I think our students are still hungry for this. They want to know what it is like to be lawyers. They look for role models. If you are at a school, like Suffolk, that hires former practicing lawyers as full time faculty, your students are ahead of the game in this one way. If your school has practitioners as adjunct faculty, you may notice students clustering around those folks like bees around honey. They are so hungry for some image to help them shape themselves into lawyers. Unless they come from a family of lawyers, they NEED role models like these, as much as they need those first year courses.
Law schools have ill served the legal community and our students by clinging to this specious division of the theoretical and the practical. I have been stunned, watching otherwise wonderful and rational law professors, of whom I am very fond, become absolutely defensive over the concept of teaching skills in law school. They are, I suppose, concerned that law schools might devolve into mere technical schools without high theory.
BULLSHIT, if you will excuse my outspokenness. You are protecting your pride of position, but you are not fooling anybody, friends. The rest of the university faculty know that our publications are edited by our own students, not peer-reviewed, no matter how many footnotes we shove in!
Please, stop while there is time.

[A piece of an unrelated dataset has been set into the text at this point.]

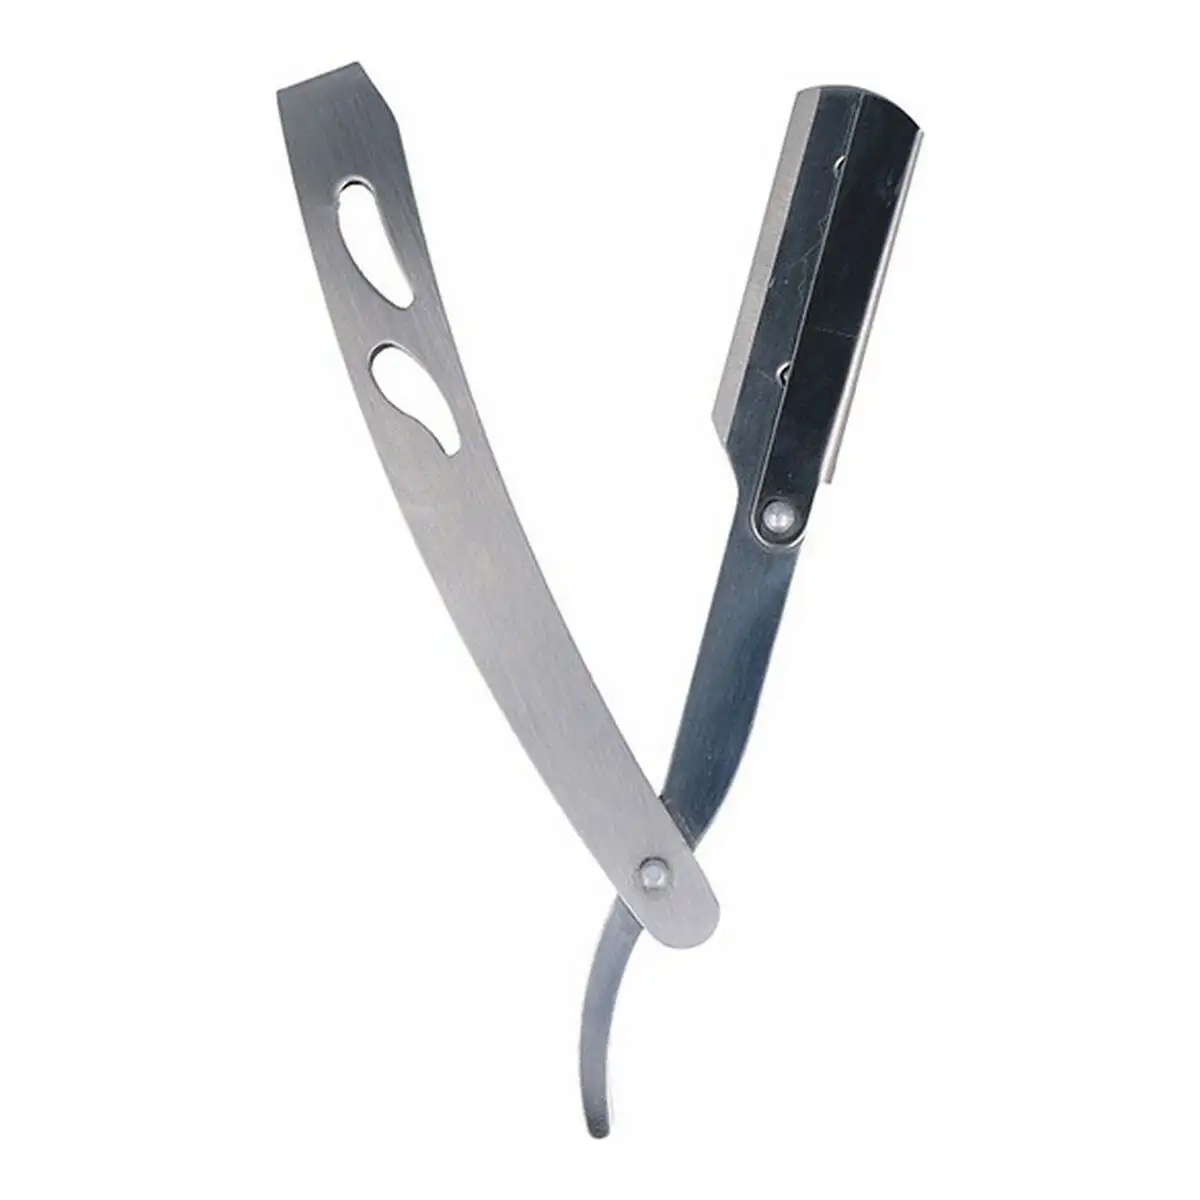 Pocketknife metal_3091. DIAYTAR SENEGAL - Votre Plateforme Shopping de Confiance. Naviguez à travers nos rayons et choisissez des produits fiables qui répondent à vos besoins quotidiens.

The MacCrate Report long since begged law schools to address the needs of the practitioners. Law students have for years been begging for a taste of reality in their schools. Now, law schools are under threat by online law schools and for-profit law schools. If the ABA ever authorizes an on-line, for-profit law school, which will cherry-pick the favorite lecturers from all law schools nationwide, we will all be left as teaching assistants in bar prep courses. Please, please, move your heads around and move into the 21st century. Let's start talking about what our students need to learn!